Overall Importance of the Customer Journey

Today, most senior-level marketers (86%) agree that it’s absolutely critical or very important to create a cohesive customer journey across all touchpoints and channels. Another 11% view the customer journey as moderately important. However, the number of marketers currently using the phrase “customer journey” is lower: 40% of marketing leaders surveyed said their company uses the term “customer journey.” It’s possible that an increased focus on customers’ cohesive experience with brands has already infiltrated marketing strategy across industries, but the term “customer journey” isn’t yet a part of most marketers’ vocabulary. We asked senior-level marketers what terminology their companies use to describe the customer journey. See their responses in this word cloud.

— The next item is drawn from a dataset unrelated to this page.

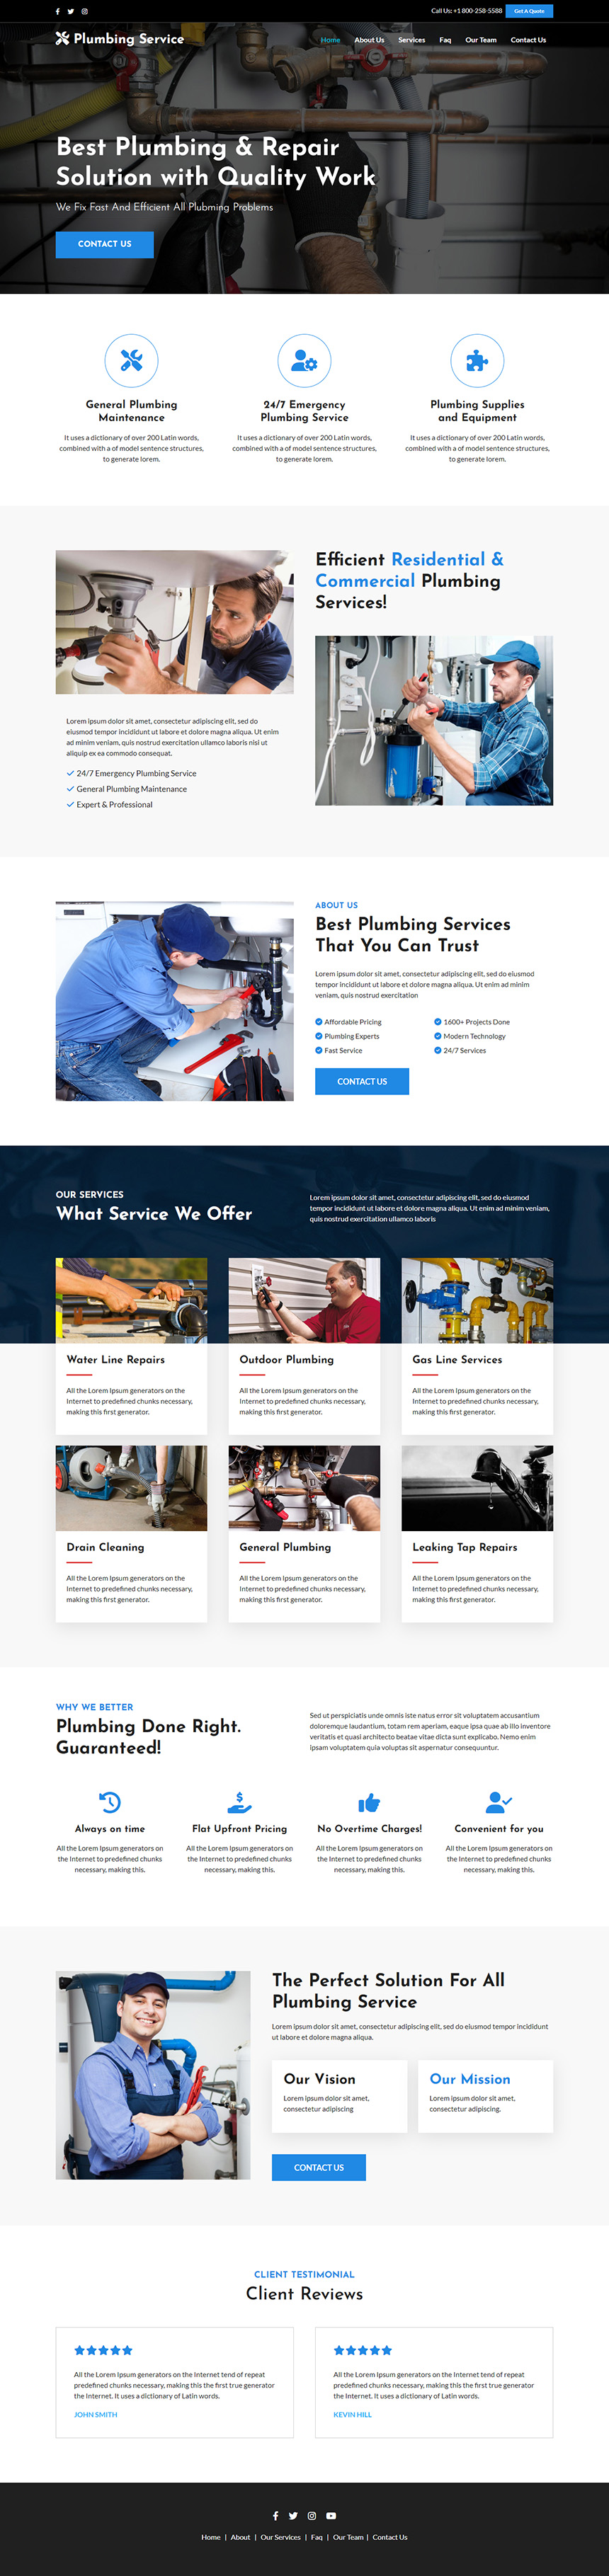 residential and commercial plumbing service responsive website design

When it comes to businesses of different sizes and their respective customer journey strategies, survey responses showed: 

  • Enterprise companies—defined as those with more than 2,500 employees—are significantly more likely to have adopted a customer journey focus as part of their overall strategy.
  • 56% of enterprise companies have adopted a customer journey strategy, compared to 33% of midsized companies (those with 201-2,500 employees) and 27% of small businesses (those with 200 or fewer employees).
  • However, only 29% of enterprise companies rate themselves as very effective or effective at creating a cohesive customer journey, compared to 40% of small businesses.

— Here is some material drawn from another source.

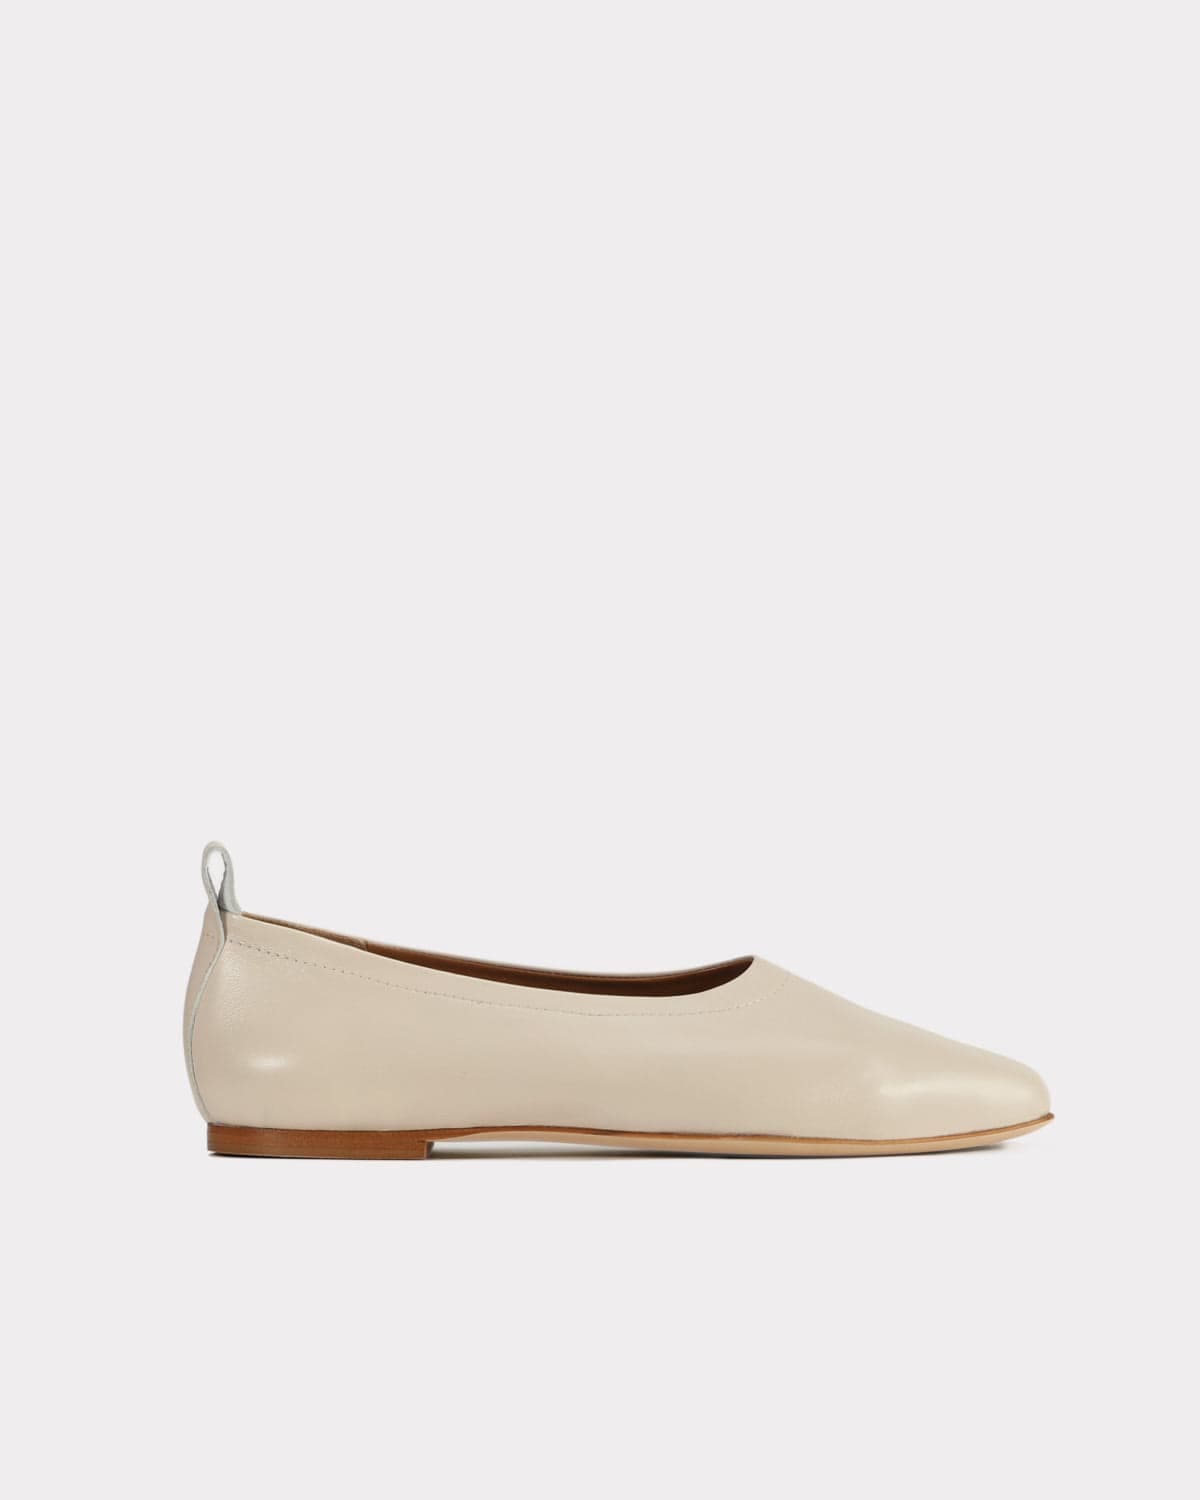 The Foundation Flat | Ivory Flats - Premium Handcrafted Shoes– ESSĒN

Respondents attributed their inability to create a cohesive customer journey to siloed business teams, as well as a disjointed view of customer data across systems. For example, when asked why they rated their team’s ability to create a cohesive customer journey as not very effective or not at all effective, these respondents said: 

  • “Our teams have a product approach, not a customer-centric approach, to product development and marketing.”
     – Vice president, enterprise B2C company
  • “Disparate understanding of the concept and difficulty getting out of their own channel silo to work with others to create a cohesive articulation of the journey.”
    – CMO, mid-sized B2C company
  • “No coordinated customer view or communication across product lines.”
    – Vice president, enterprise B2C company
  • “There are so many touchpoints and interactions with so many different people that it’s hard to control/manage them.”
    – CMO, mid-sized B2B company

 

B2B Understanding of the Customer Journey

B2B and B2C marketers have different understandings of the customer journey. Of the 510 B2B marketers surveyed, 37% had adopted the term “customer journey” into their overall business strategy. They define the customer journey primarily with words like customer, process, buy, experience, sale, and purchase. These words align with the B2B marketer’s priorities of generating leads and developing new business.

The following chart shows the technologies that B2B marketers find most important to and effective for creating a cohesive customer journey.

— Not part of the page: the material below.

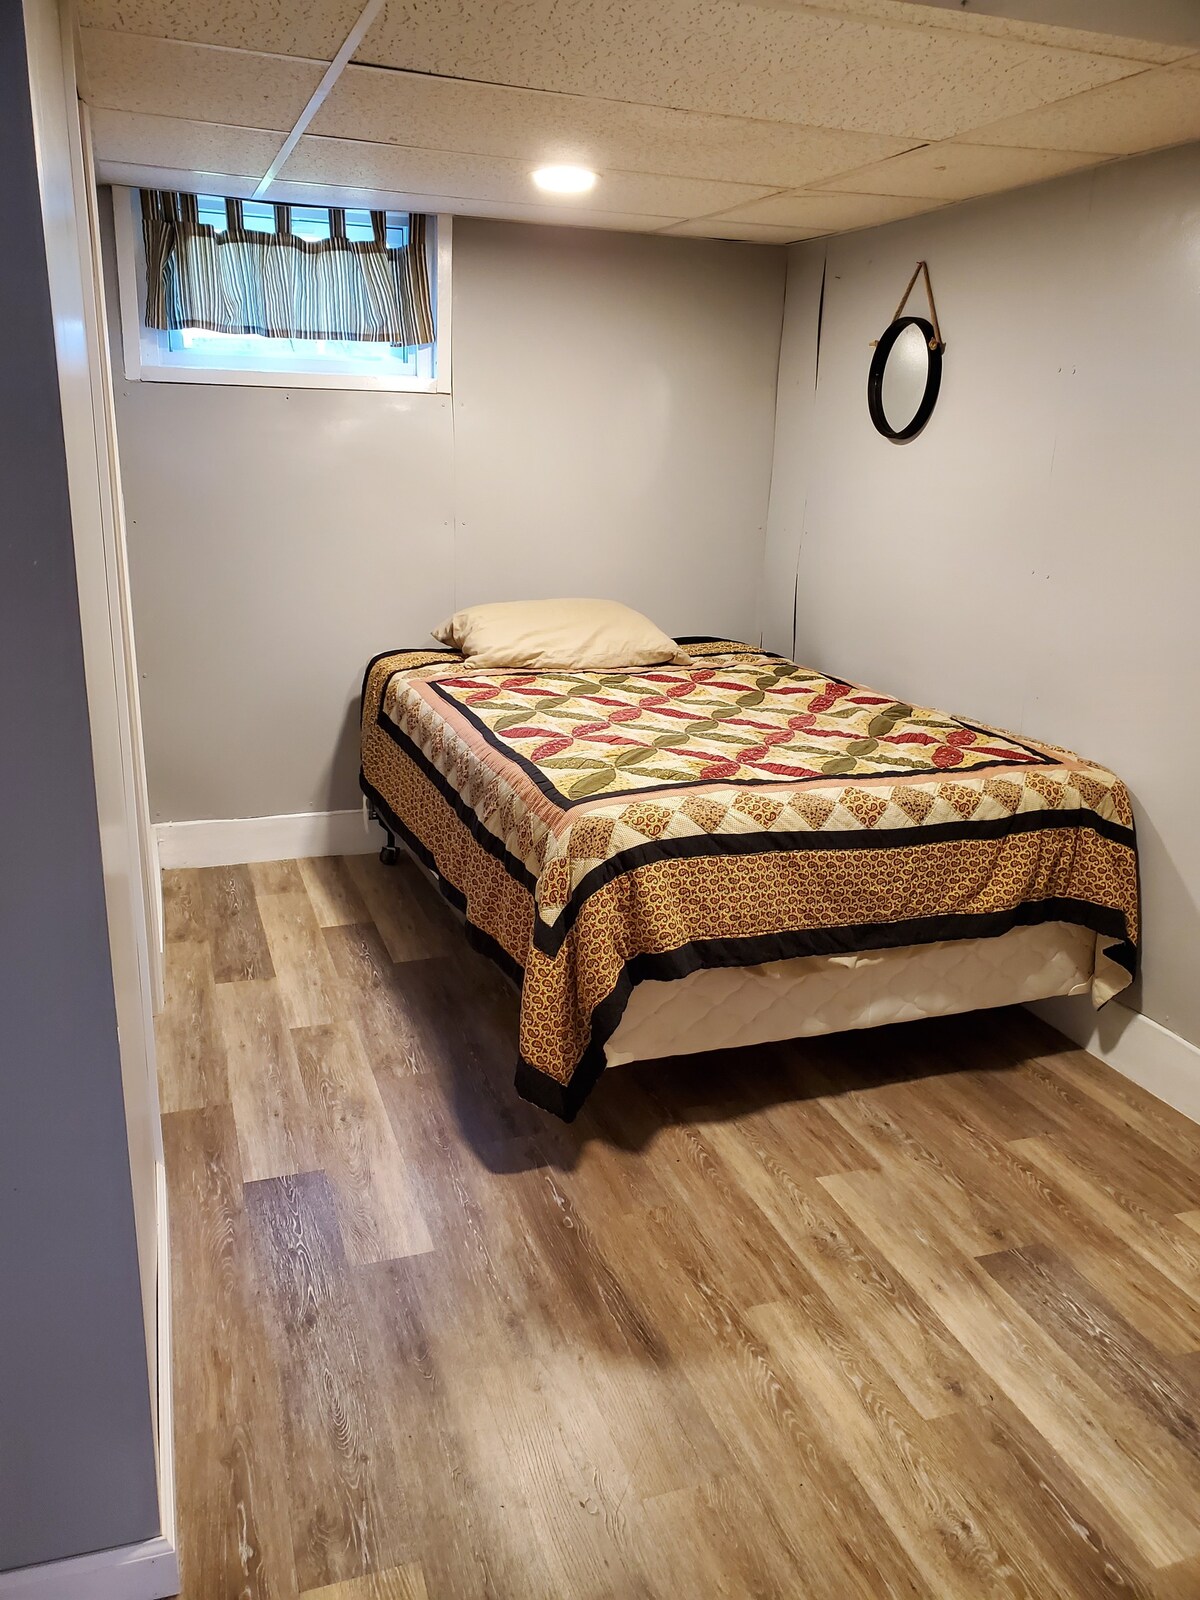 Remodeled basement apartment for workers!
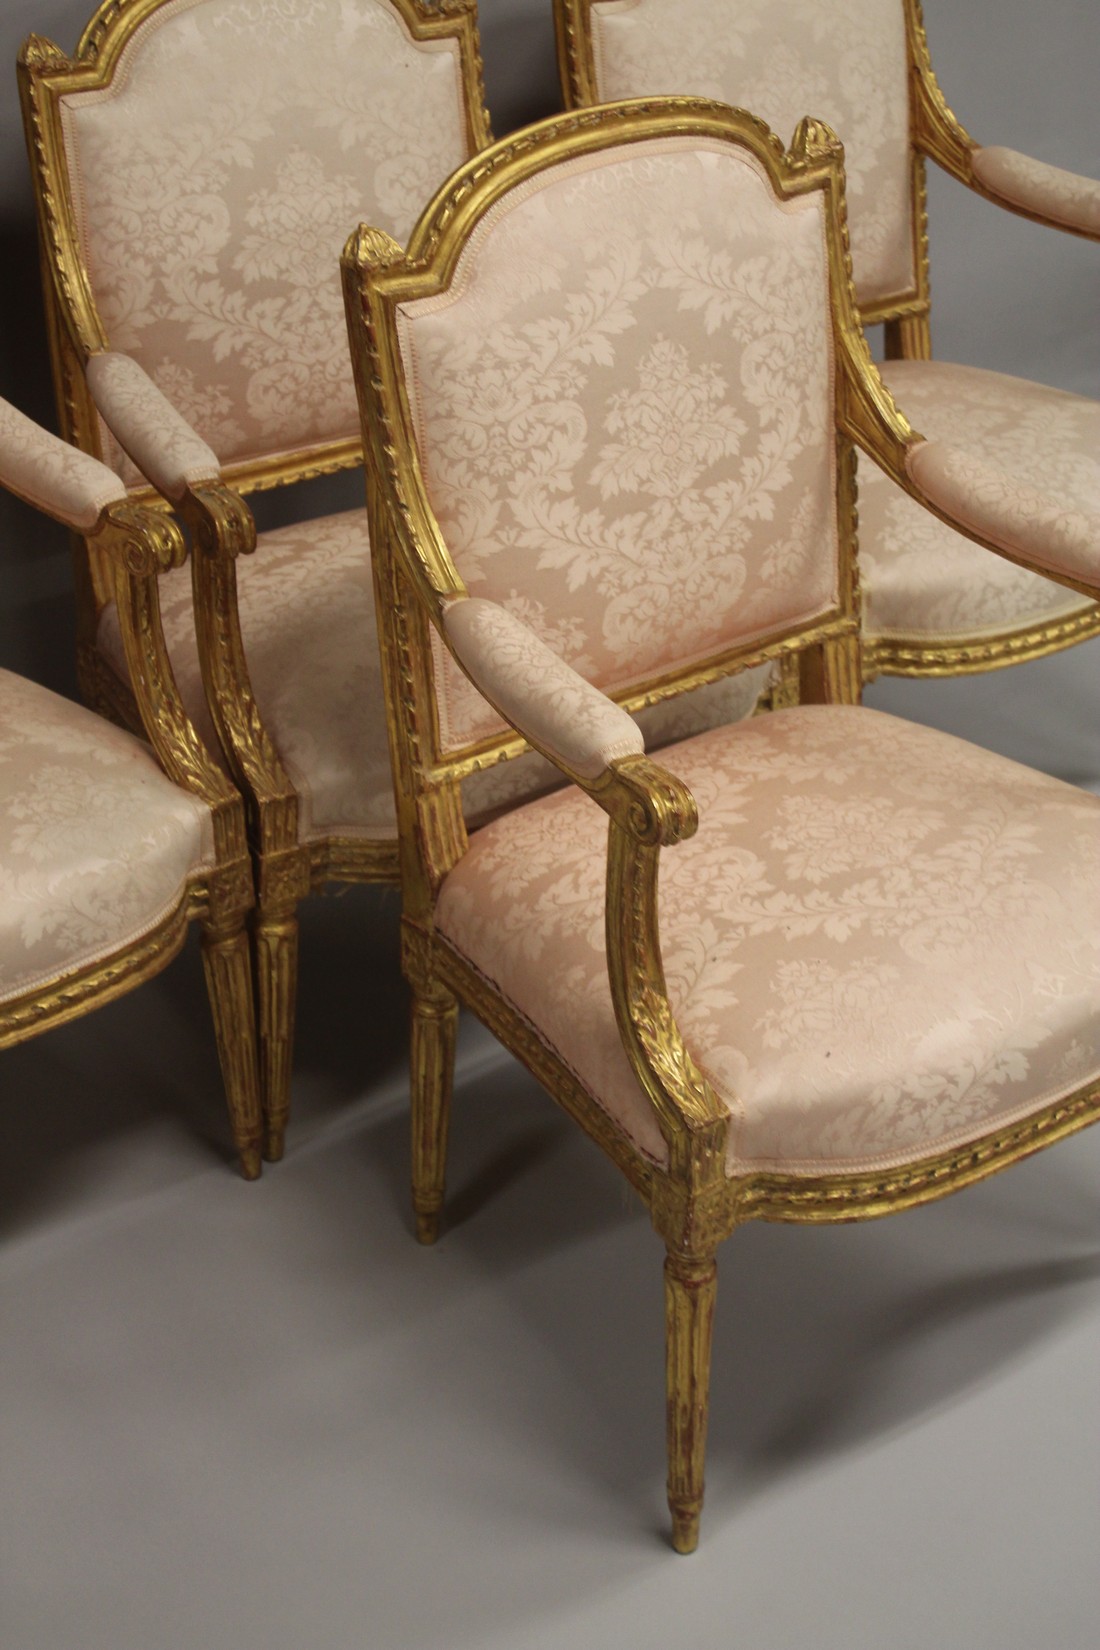 A VERY GOOD SET OF FOUR 19TH CENTURY LOUIS XVITH DESIGN FAUTEUIL with satin backs, arms and seats, - Image 4 of 4

B2B marketers ranked marketing analytics, CRM tools, and content management as the most important for customer journey success; these tools were also rated among the most effective.

B2C Understanding of the Customer Journey
Forty-two percent of the 475 B2C marketers surveyed had adopted the term “customer journey” into their overall business strategy, slightly more than B2B companies’ 37%. B2C marketers’ definitions primarily centered on terms like customer, experience, brand, path, and purchase. These terms
align with the B2C marketer’s priority to increase customer satisfaction and create personalized brand experiences. 

This chart shows the technologies that B2C marketers find most important to creating a cohesive customer journey, also showing the effectiveness of these channels.

Like B2B marketers, B2C marketers also rated marketing analytics, CRM tools, and content management as highly important to creating a cohesive customer journey, but B2B and B2C marketers differed in some technologies of choice.

For example:

  • 35% of B2B marketers rated social publishing tools “very effective” in the customer journey vs. 43% of B2C marketers.
  • CRM tools were rated “very effective” by 41% of B2B marketers vs. 36% of B2C marketers.